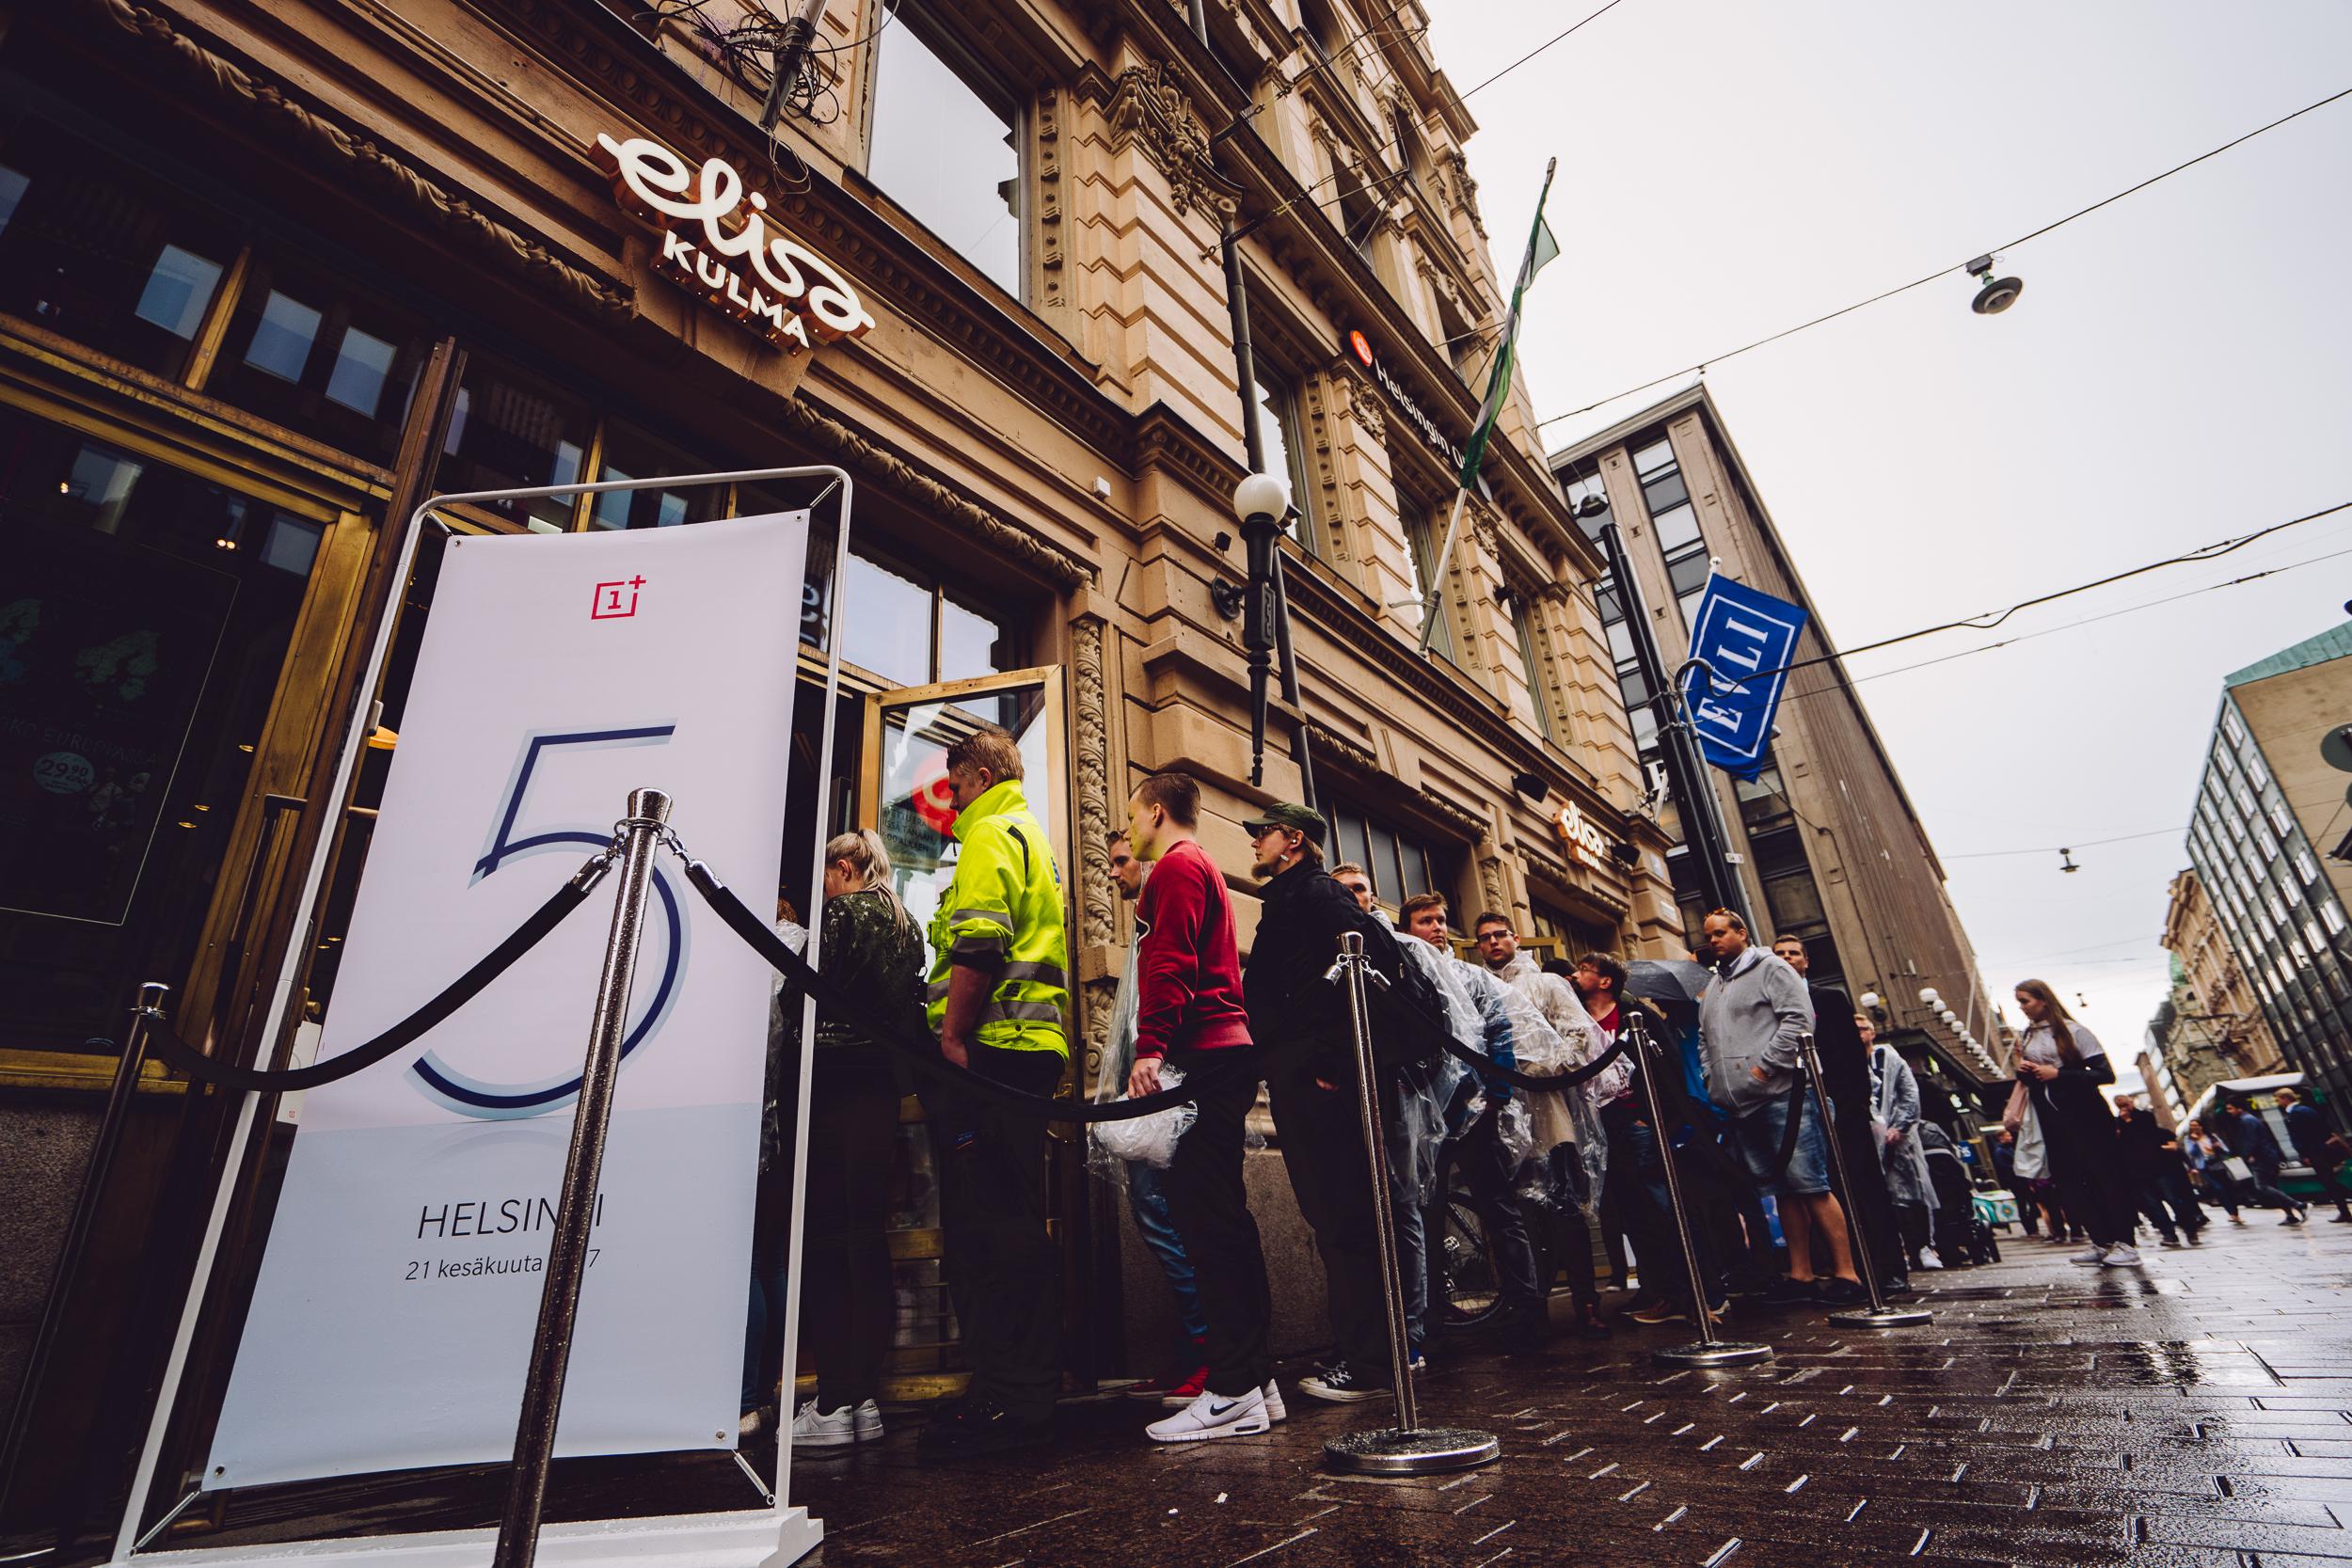 004 OnePlus 5 launch Helsinki Finland 21.6.2017
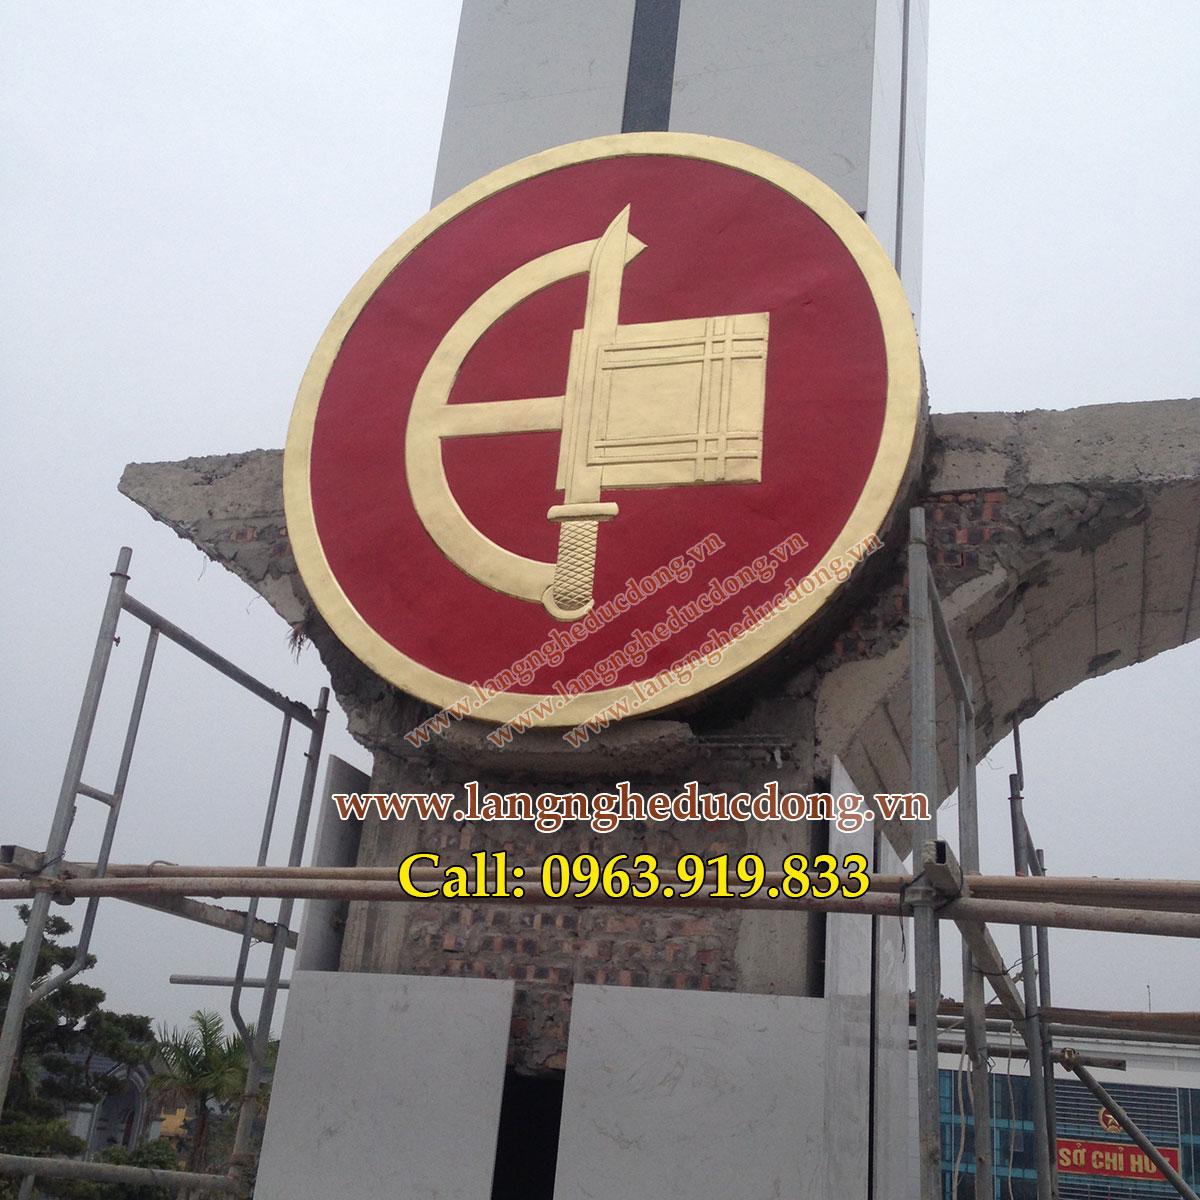 langngheducdong.vn - Huy hiệu quân đội, quân hiệu D=220cm, gò huy hiệu Quân đội, huy hiệu quân đội thúc nổi
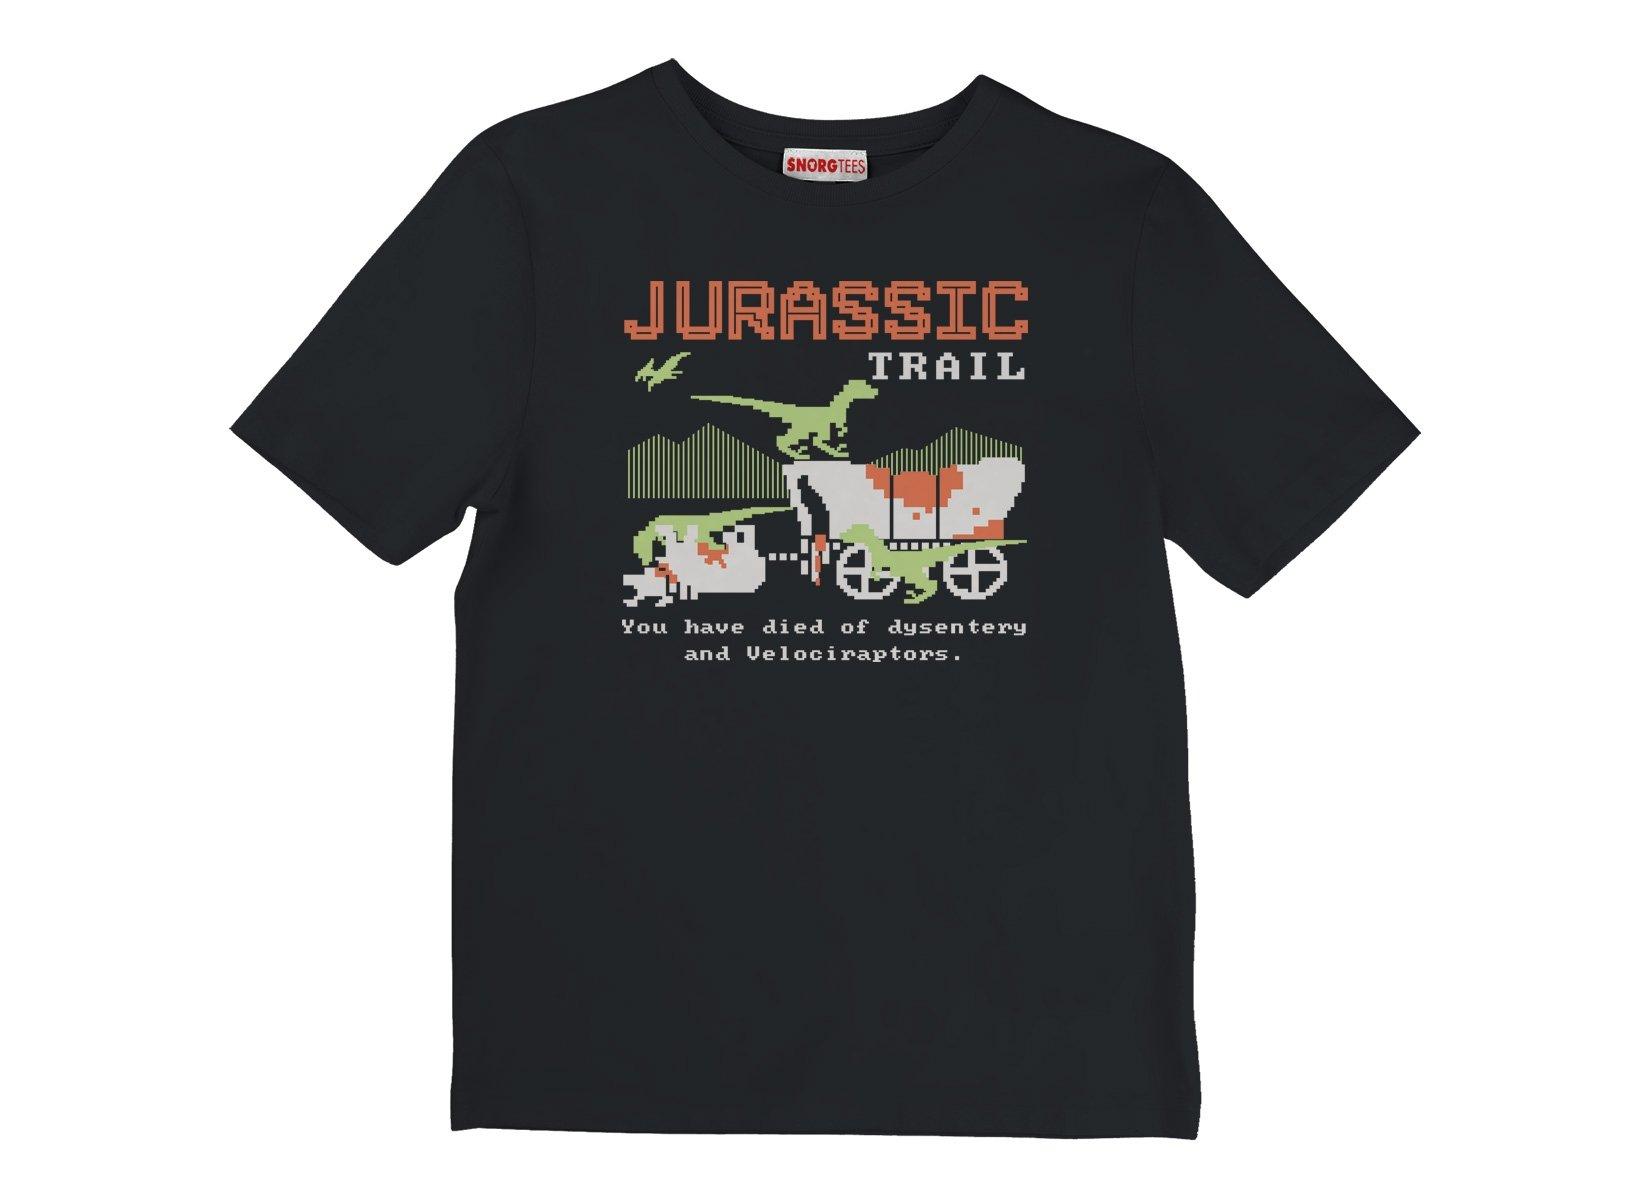 Jurassic Trail on Kids T-Shirt

EXERCISE | For this exercise, transcribe exactly only the lines from the one containing "langngheducdong.vn - Huy" through the end of the listing, inclusive, without the pictures.

PROBLEM SOLUTION |
 langngheducdong.vn - Huy hiệu quân đội, quân hiệu D=220cm, gò huy hiệu Quân đội, huy hiệu quân đội thúc nổi
 Jurassic Trail on Kids T-Shirt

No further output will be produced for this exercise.